Provided data -
____
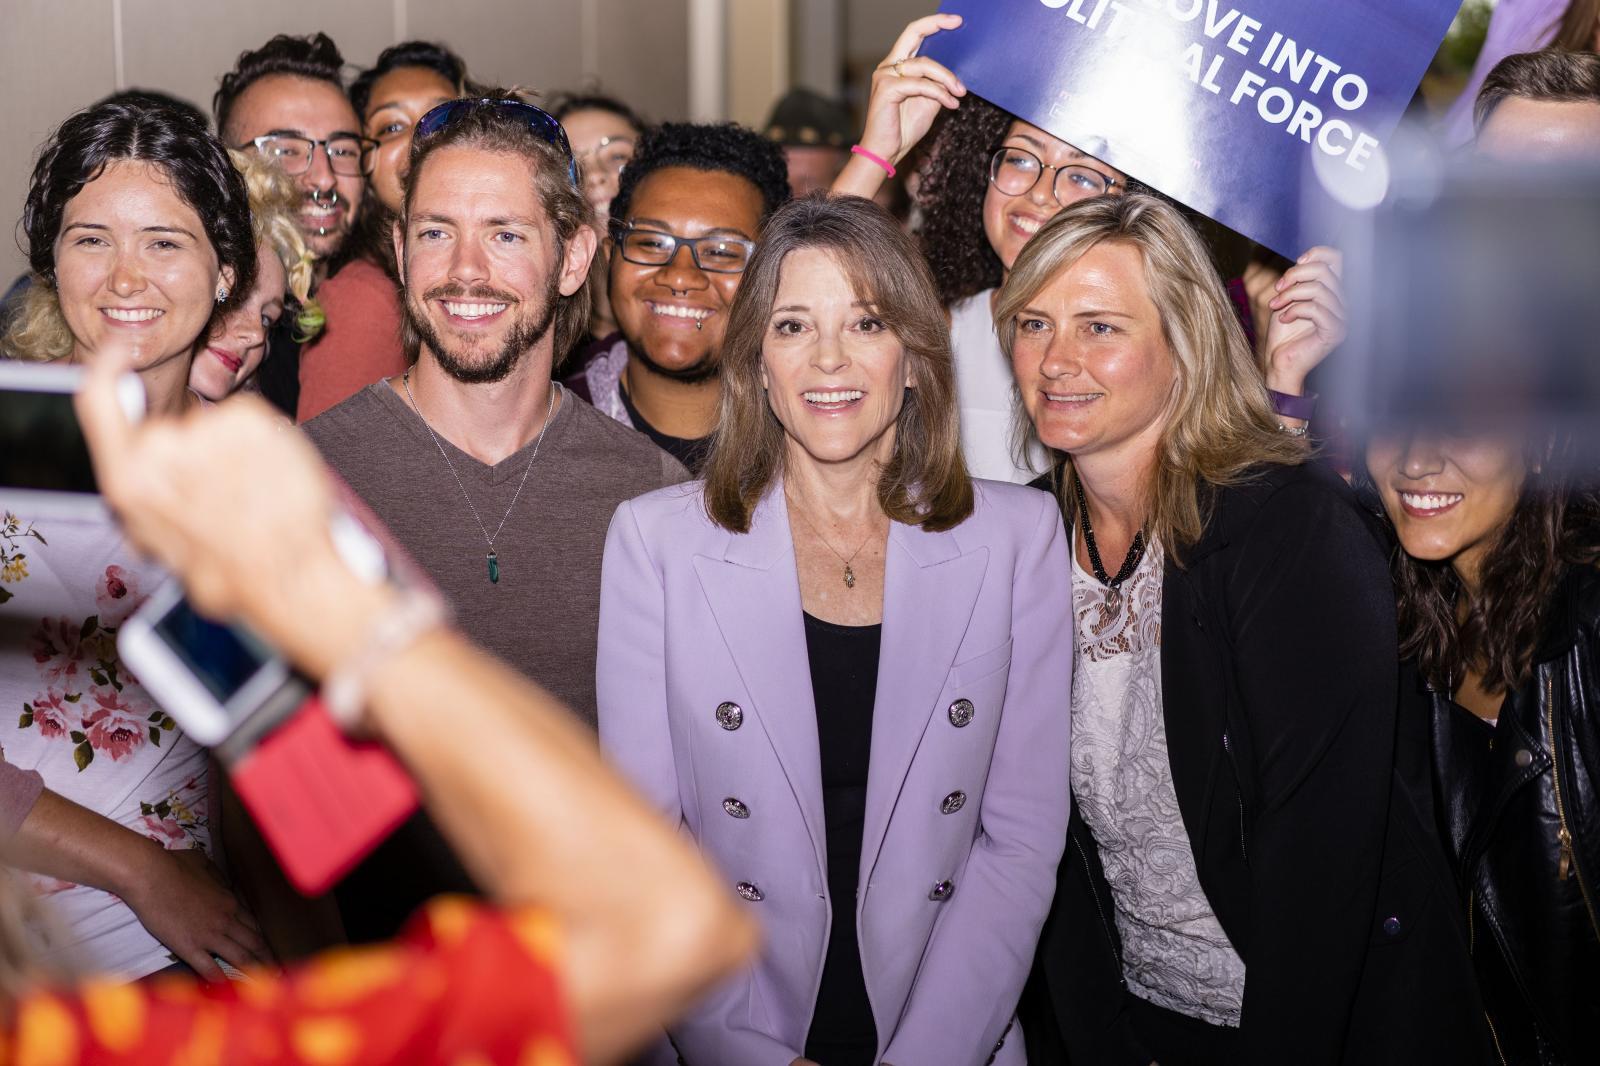 Fairfield - 2020 presidential candidate Marianne Williamson takes a...
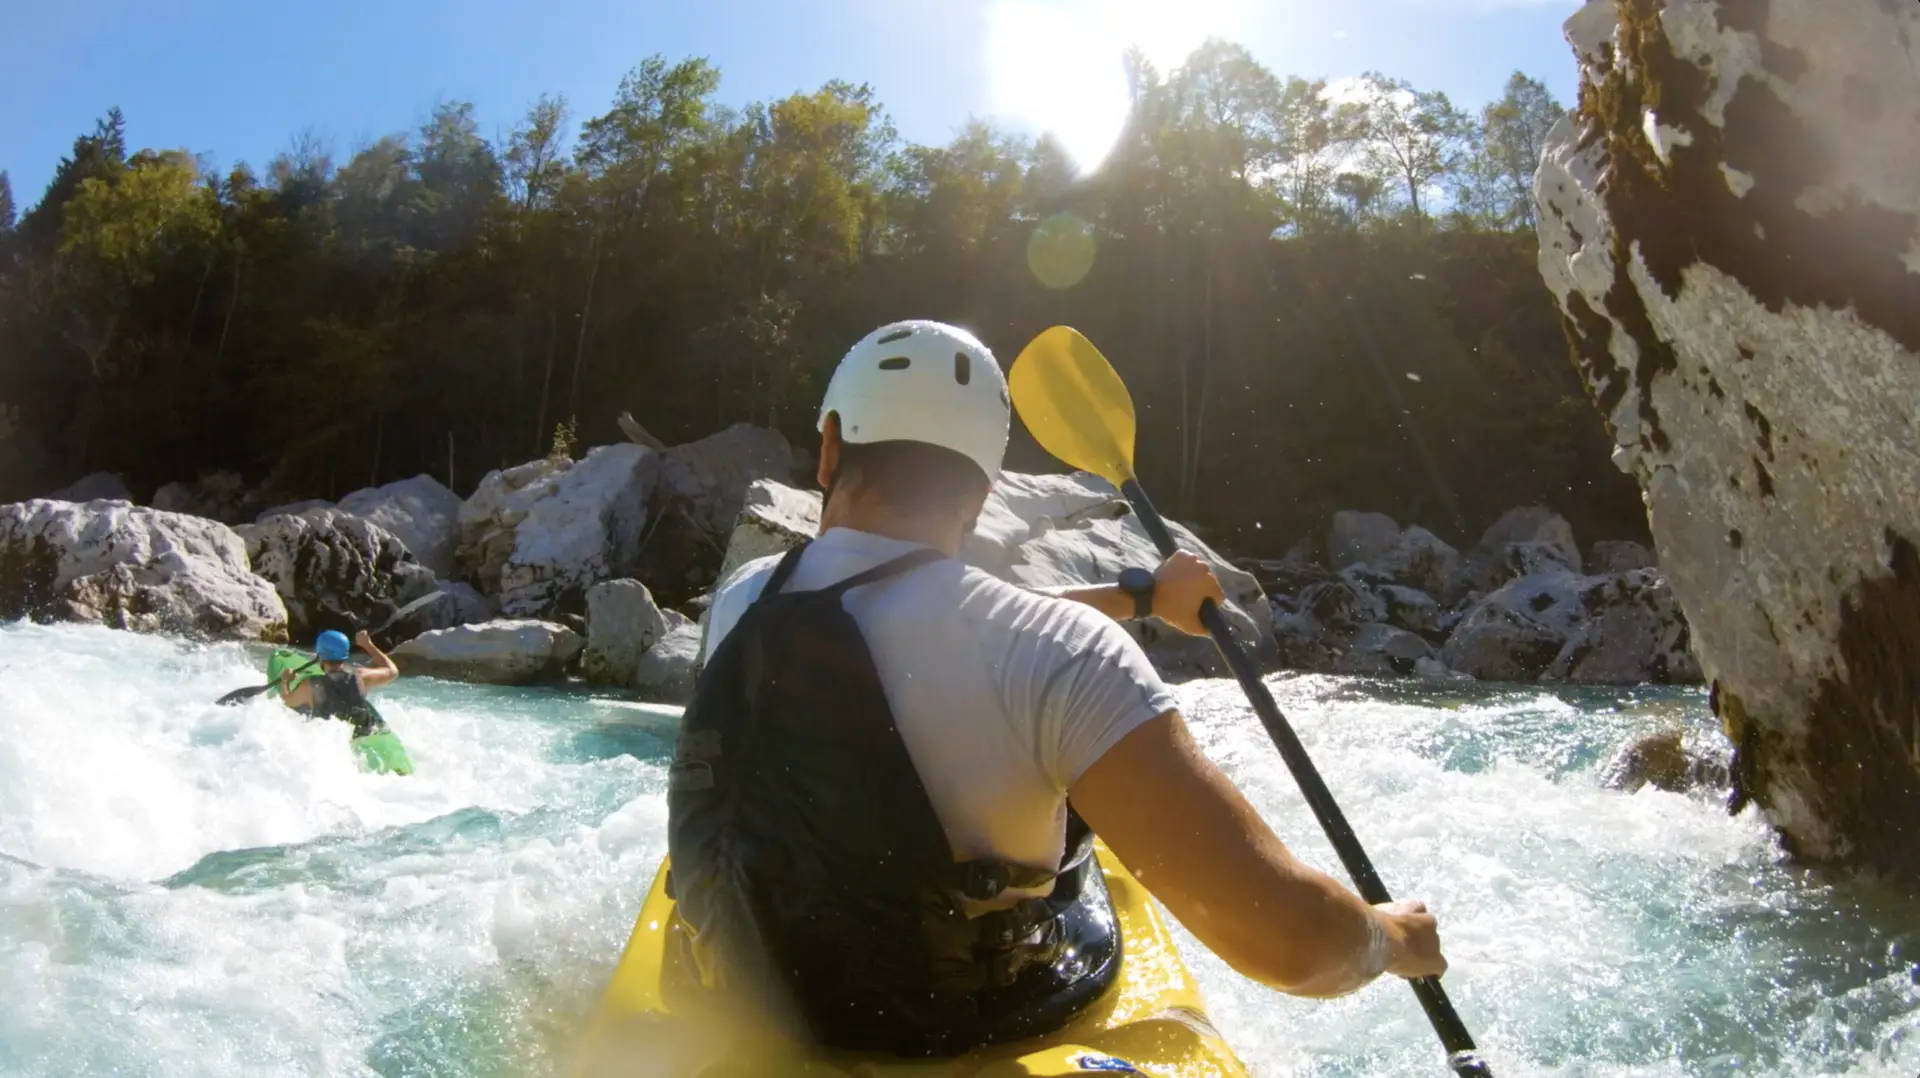 A man is kayaking down a river, turning his journey into a Trip Canvas masterpiece.
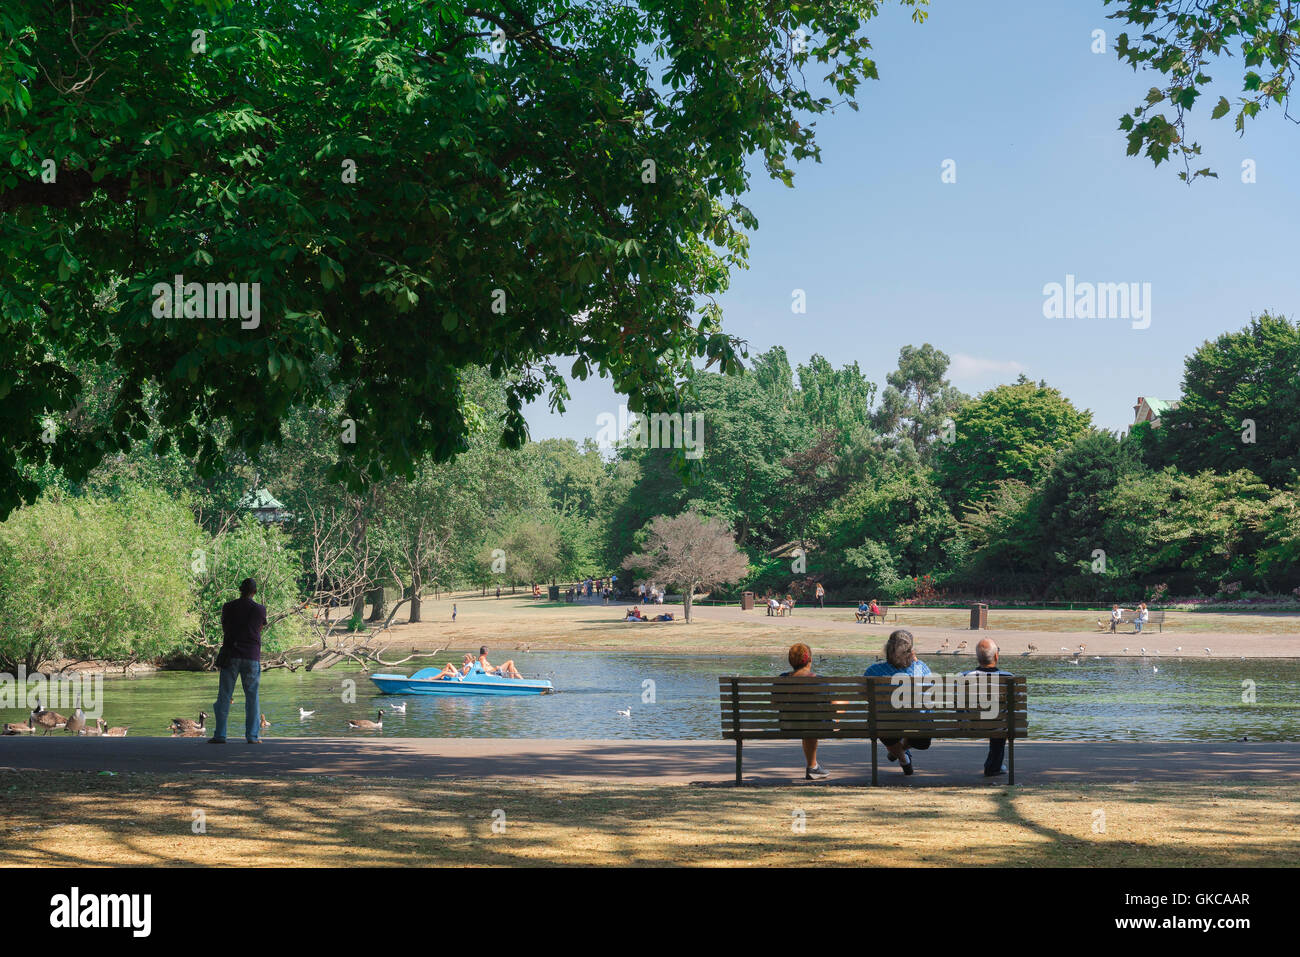 Regent's Park London, view on a summer afternoon of tourists seated on a bench watching people on the boating lake, UK. Stock Photo
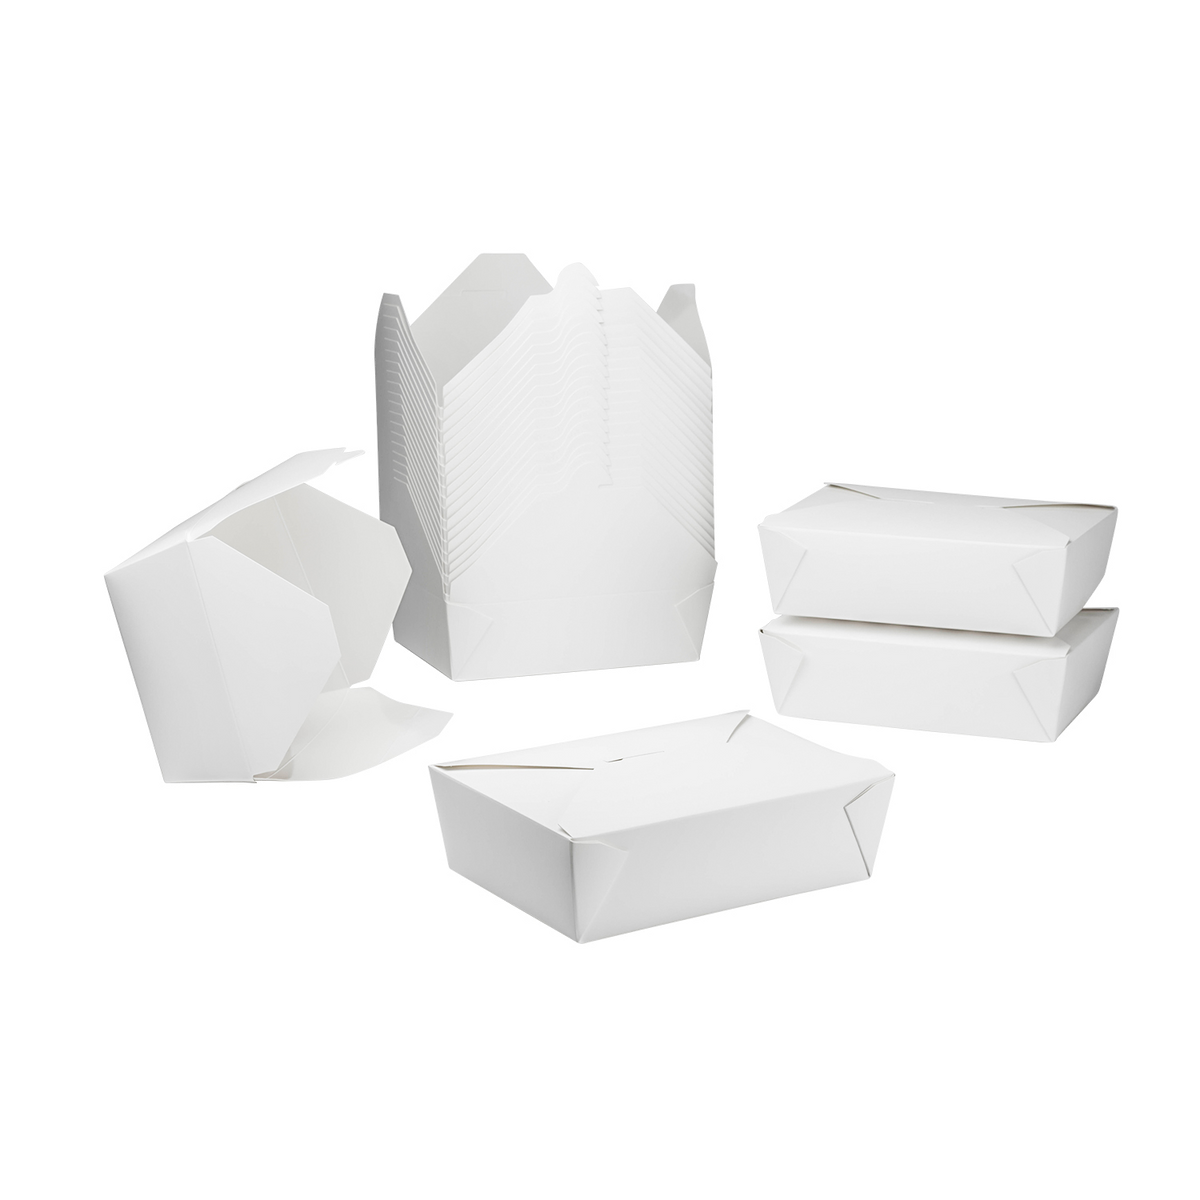 https://www.restaurantsupplydrops.shop/wp-content/uploads/1689/34/get-white-microwavable-folded-paper-3-take-out-container-karat-large-fold-to-go-box-76oz-7-8-x-5-5-x-2-4-200-count-karat-for-less-and-get-the-look-you-would-like_7.png
____
Give back, unaltered, each line of the listing from the first to the line that contains "Regent's Park London, view", leaving every picture out.

 Fairfield - 2020 presidential candidate Marianne Williamson takes a...
 A man is kayaking down a river, turning his journey into a Trip Canvas masterpiece.
 Regent's Park London, view on a summer afternoon of tourists seated on a bench watching people on the boating lake, UK. Stock Photo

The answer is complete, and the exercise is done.